Summer Tweed, Makes Me Feel Fine
By G. Bruce Boyer
Jul 13, 2022
For all summer's many joys, it can still be hard to relinquish the tactility of one's tweeds once the temperature begins to rise. Fortunately we have a solution, in the form of our 'summer tweed' jacket. G. Bruce Boyer elucidates.
I can usually come up with a decent opening line, it’s the rest of them that give me trouble. But I’d like to make a bit of a prediction that the Summer Wardrobe’s MVP this year will be the tweed sports jacket. I don’t mean heavy, wintertweed, I mean those wonderful blends of linen and wool that can be woven with a slightly rough, open weave that both resembles tweed and yet has the necessary airiness demanded by warmth and humidity. The mix of yarns that promotes the virtues of each, and captures that irresistible insouciance of stylish summer attire. That’s what I’m talking about.

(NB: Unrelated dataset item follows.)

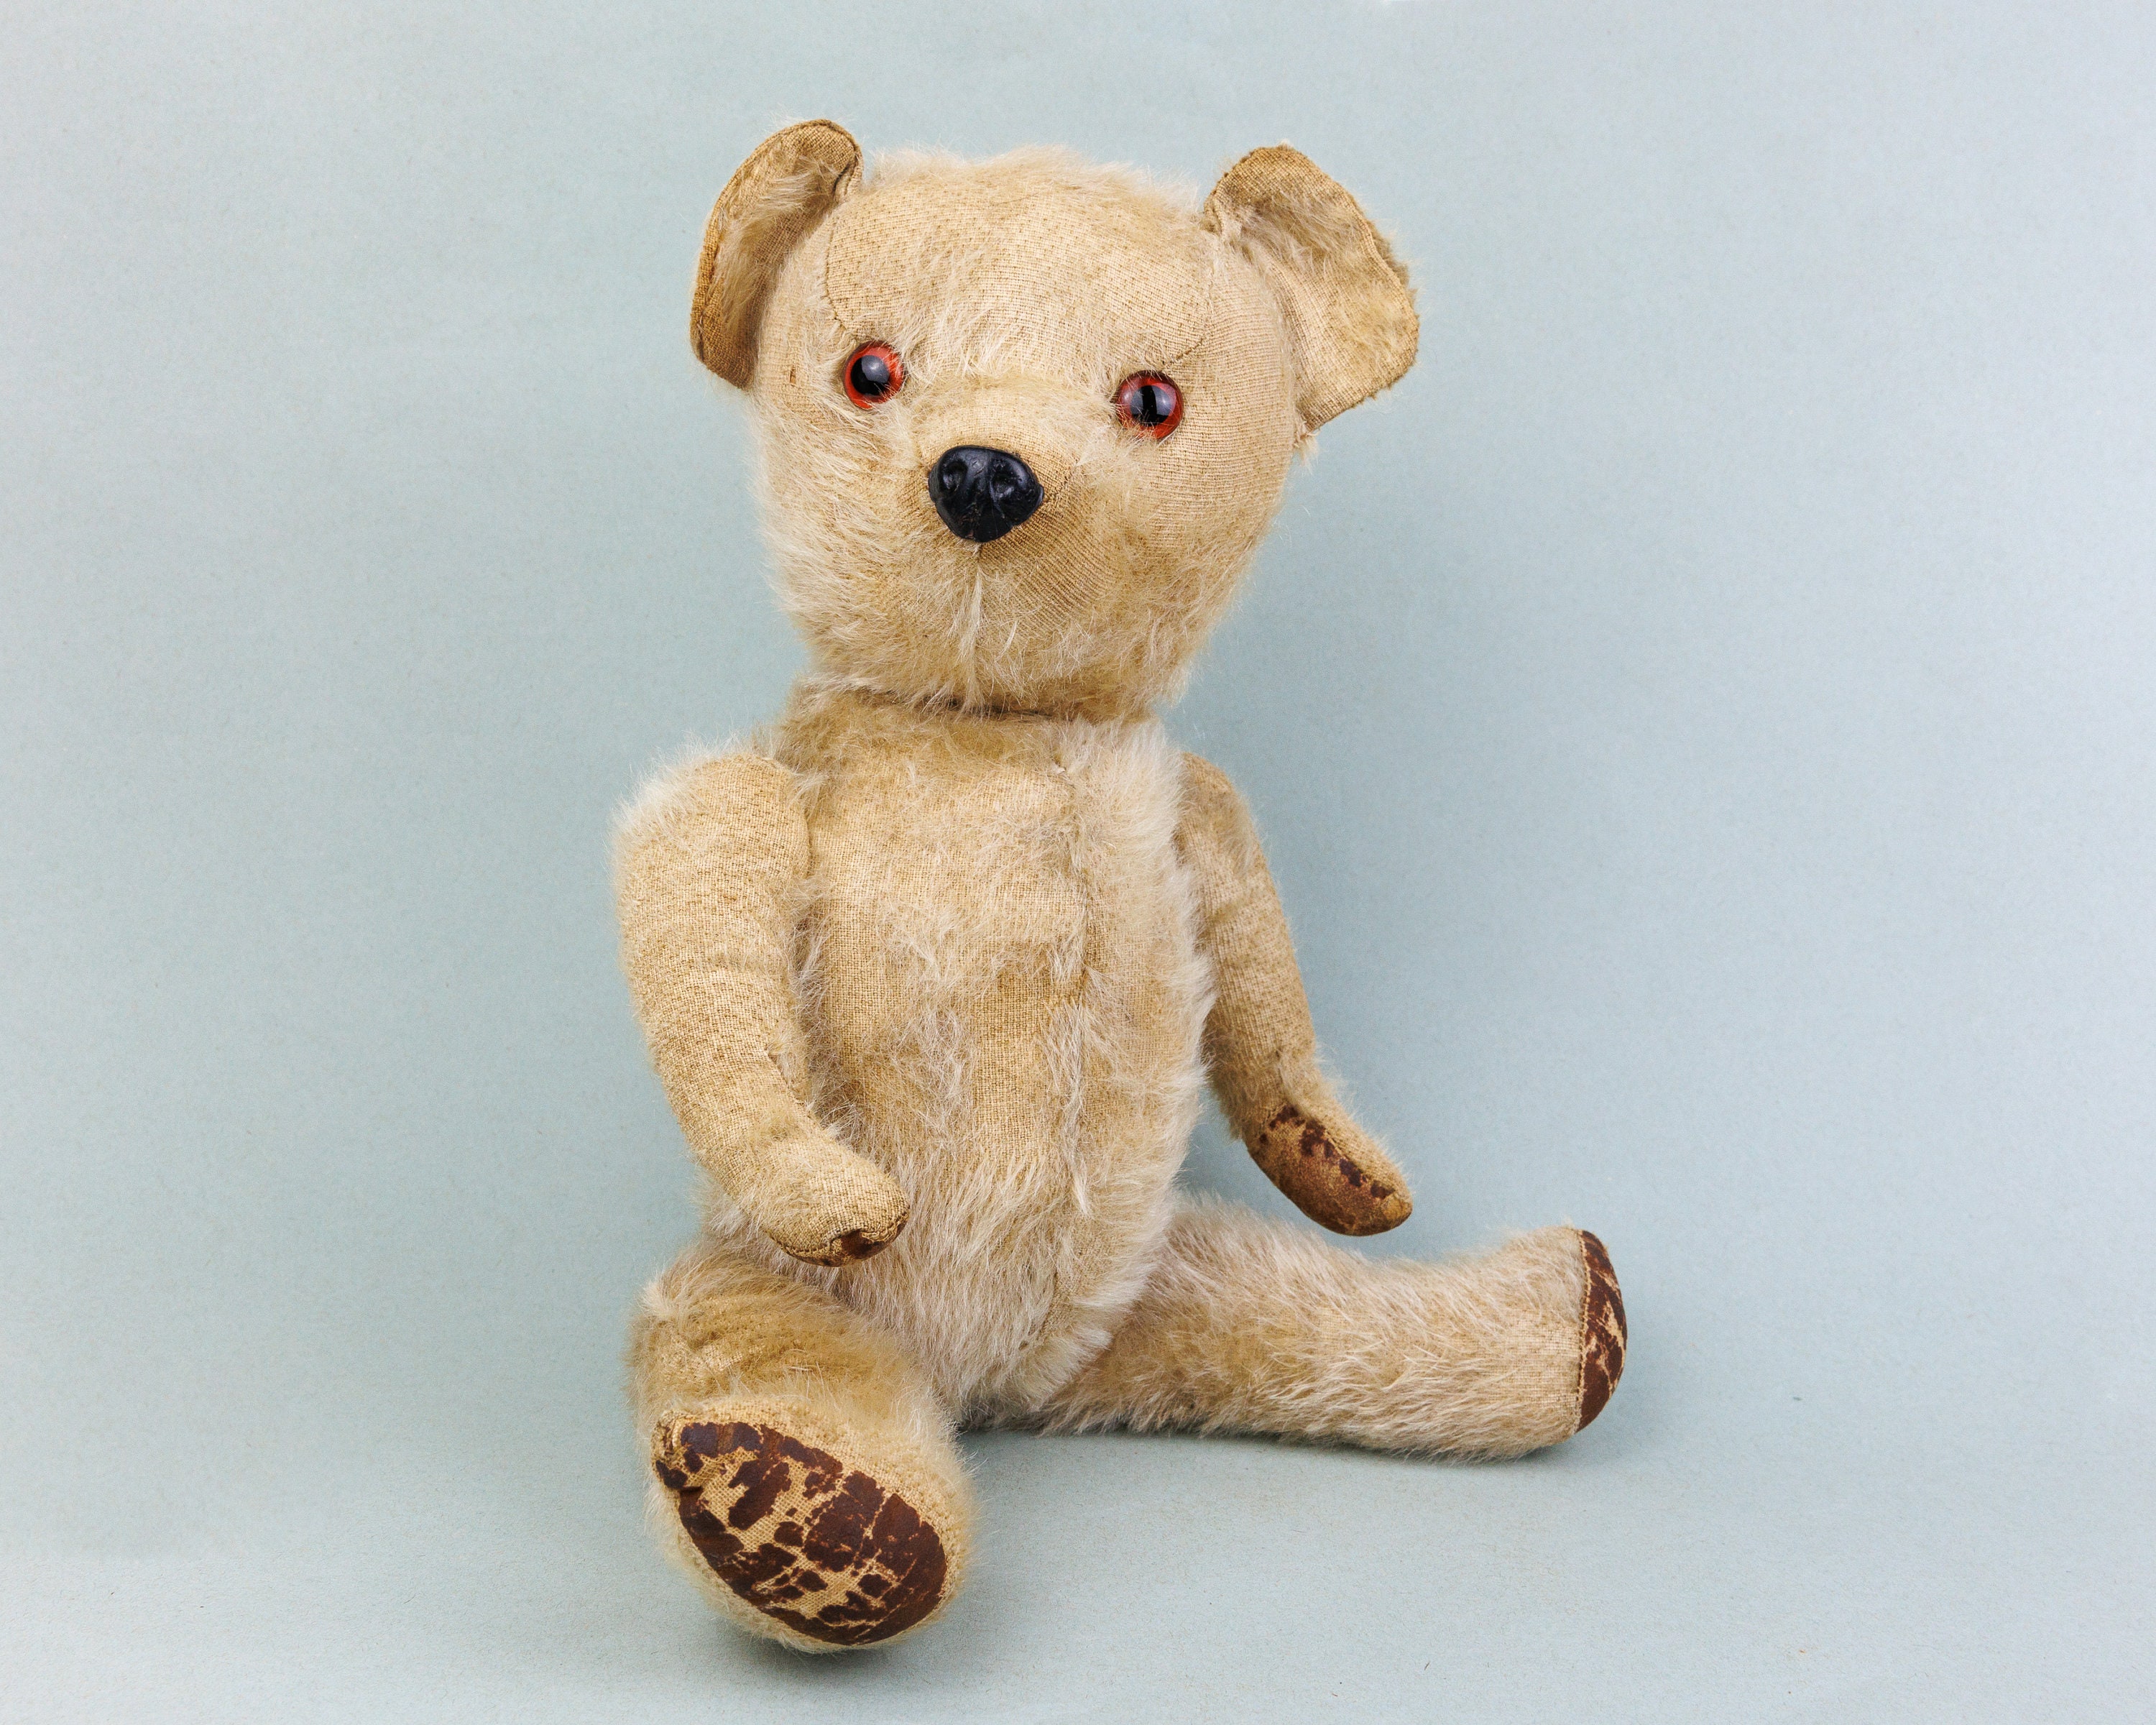 Trucraft - Large Set - Brown Safety Eyes and Nose for Teddy Bears

Fabric woven from plant material – flax, silk, cotton -- has been around for at least 40,000 years, and cloth woven from sheep wool for over 10,000, but it’s interesting to think that successful attempts to alter these time-honoured means of production changed very little until the last century, when industrial weaving and chemical experimentation moved us forward into the realm of comfortable fabrics.
Attempts to produce fabric to make it more utilitarian or beautiful weren’t really successful until the chemical invention of cellulose derivatives in the mid-1800s, and the blending of natural fibers at the end of that century. “Viyella”, the first of the branded blended fabrics (55% wool / 45% cotton), was introduced in 1893. And it wasn’t until the mid-1960s that blends of cotton, rayon, silk, and wool were effectively woven to produce lightweight cloths that could simulate the look of heavier fabrics, more comfortable versions of their winter counterparts.
Why it took such an incredibly long time to achieve such a good idea – blended fabrics woven together to promote the best qualities of each – is undoubtedly due to the pace of industrial science. But once a variety of production problems were solved – we don’t need a lot of technical info here, do we, not among friends – blended fabrics revolutionised clothing.
Which brings me ‘round the corner and up to the doorstep of summer tweeds. I don’t know anyone who doesn’t like the look of tweed, the depth of texture and soft subtlety of colour, the slightly springy hand and sophisticated casualness of it. But even lightweight woollen tweed has been found too warm for summer tailoring. What to do? Obviously weave a blended fabric with the look of tweed without the weight. Experiments in this field have met with mixed reviews over the years, but a blend of equal parts wool and linen has been found to have the right properties, the texture and look of tweed without the weight. The linen provides the slightly coarse, beefiness of texture, while the finely spun wool resists the wrinkling associated with pure linens.
So, miraculous age in which we live, it is possible to duplicate your favourite tweed sports jacket with a lightweight version. It’s working outside the box a bit, while still remembering what the box looks like.